The artificial lipid membrane sensor probe is composed of silver-wire electrode, the surface of which is coated with Ag/AgCl, with a sensor body made of polypropylene, and artificial lipid membranes made by mixing lipids (which play an important role in taste sensing) with a polymer. The internal cavity of the artificial lipid membrane sensor probe is filled with the internal solution. The reference solution was measured by the sensor unit for 30 s, and the electric potential at the endpoint of measurement (Vr) was recorded. Then, the sample solution was measured by the sensor unit in the same manner (Vs). After measuring the sample solution, the sensor unit was briefly rinsed in the reference solution, then the reference solution is measured again by the sensor unit for 30 s (Vr′). Finally, the sensor unit was washed by the washing solution and then rinsed by the reference solution for the next measurement. All measurement procedures were carried out at the room temperature. Electrical potential changes between the sample solution and the reference solution, which occurs before the sample solution measurement (Vs − Vr) is called the relative potential and used to calculate the initial tastes. The change in electric potentials of the reference solution between before and after sample solution measurement (Vr′ − Vr) is called the change of membrane potential caused by adsorption (CPA) value and used to calculate the aftertaste [45].
This system detects two types of taste: the initial taste and aftertaste. The initial taste means the taste a person senses when food and/or drink is in the mouth, whereas aftertaste means the taste a person senses after swallowing food and/or drink. Estimate of taste intensity from the outputs of the artificial lipid membrane sensor probes is based on the Weber–Fechner’s law that the intensity of the perception is proportional to the logarithm of stimulus intensity. For taste, it is said that humans normally recognize a change of taste if the concentration of the taste substance is changed by 20% [46, 47], and this 20% change was defined as one unit of taste intensity [44].

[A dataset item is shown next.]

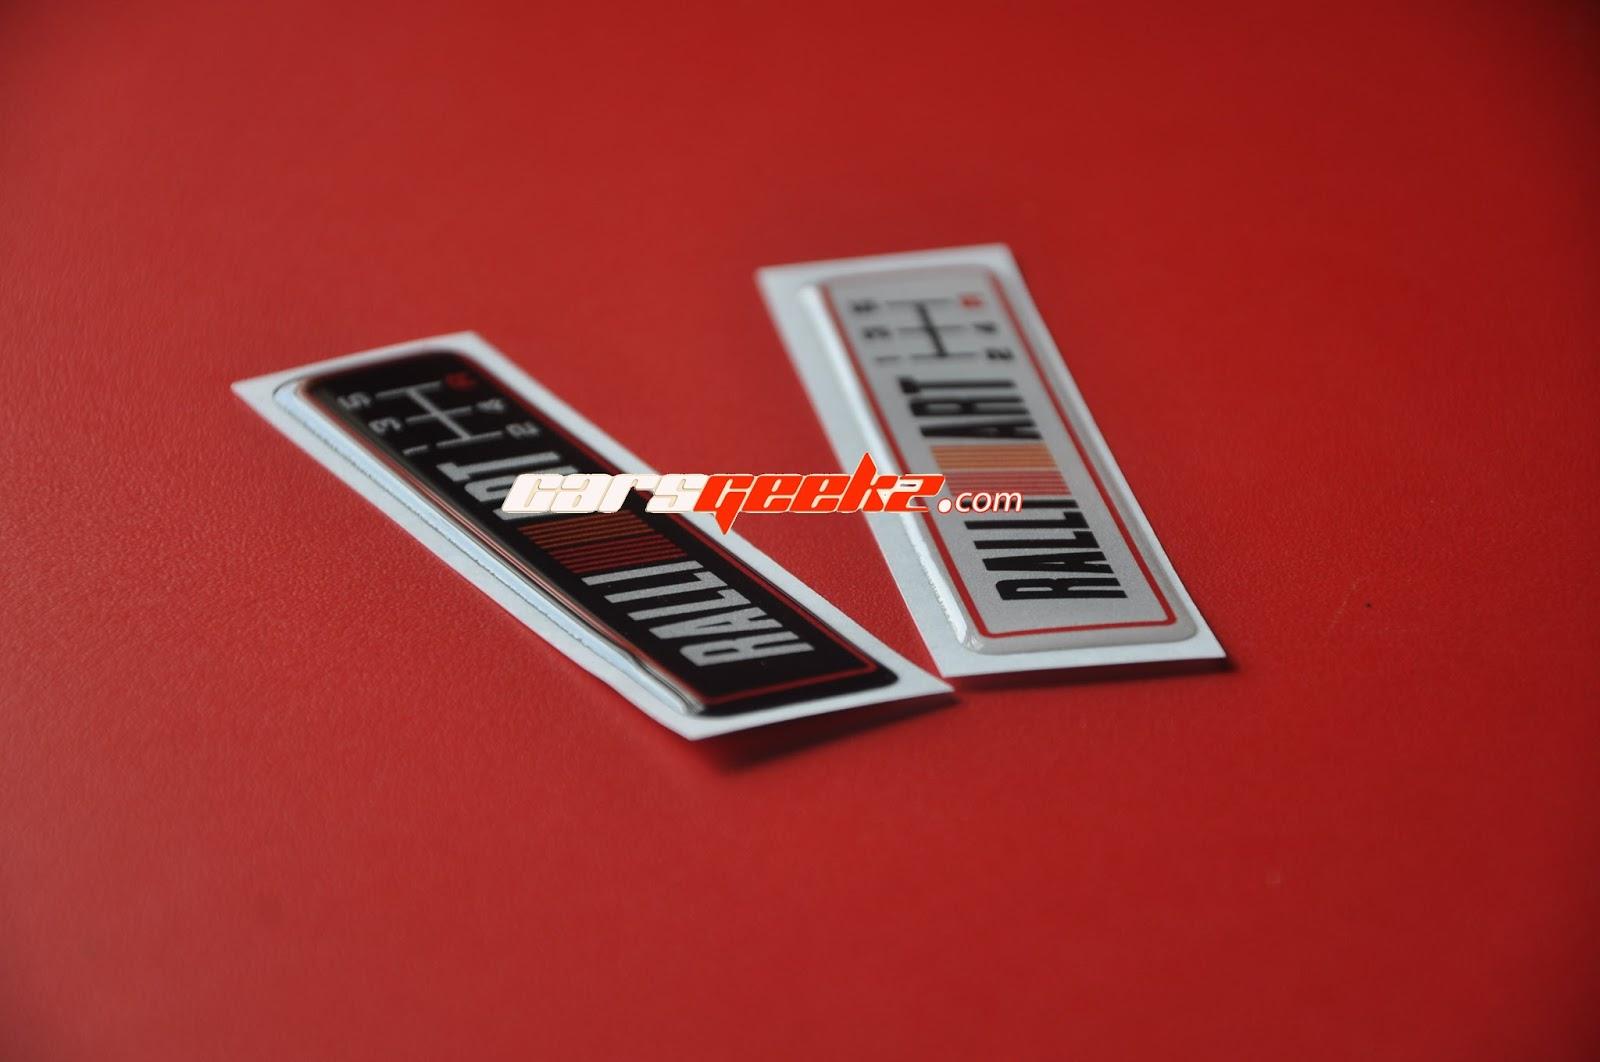 Ralliart 5 speed manual gear black badge sticker emblem mitsubishi suit evo gsr

In this study, relative potentials (Vs − Vr) obtained from the C00, AE1, AAE, and CT0 sensor probes were used to measure selective initial taste. CPA values (Vr′ − Vr) obtained from C00, AE1, and AN0 sensor probes were used to measure selective aftertastes.
Statistical analysis
Values are shown as mean ± standard deviation (SD). Mann–Whitney U test was applied to test the difference between two independent groups. Kruskal–Wallis test was applied to test the difference among four independent groups, and when significance was noted, Mann–Whitney U test was applied to each independent groups. For each test, a value of P < 0.01 was considered to be significant.
Results
Taste patterns of PAR obtained by the taste-sensing system
Seven taste factors were measured by the artificial lipid membrane sensor probes used in this study. Anionic bitterness, astringency, umami, and saltiness were measured as taste factors of the initial taste, whereas the aftertastes of anionic bitterness, astringency, and cationic bitterness were measured as taste factors of the aftertaste (Table 1). Figure 1 and Table 2 show the taste patterns of water extract from the PAR samples and the taste intensities of each taste factor in each type of PAR sample. The aftertaste of cationic bitterness was detected in all PAR sample solutions, even at a concentration of 0.1 mg/ml. In addition, anionic bitterness and saltiness were detected in all PAR sample solutions at 1 mg/ml. Furthermore, umami was detected in PAR1, PAR2-a, and PAR3 sample solutions at 1 mg/ml. In contrast, astringency and the aftertastes of anionic bitterness and astringency were not detected in most of PAR sample solutions.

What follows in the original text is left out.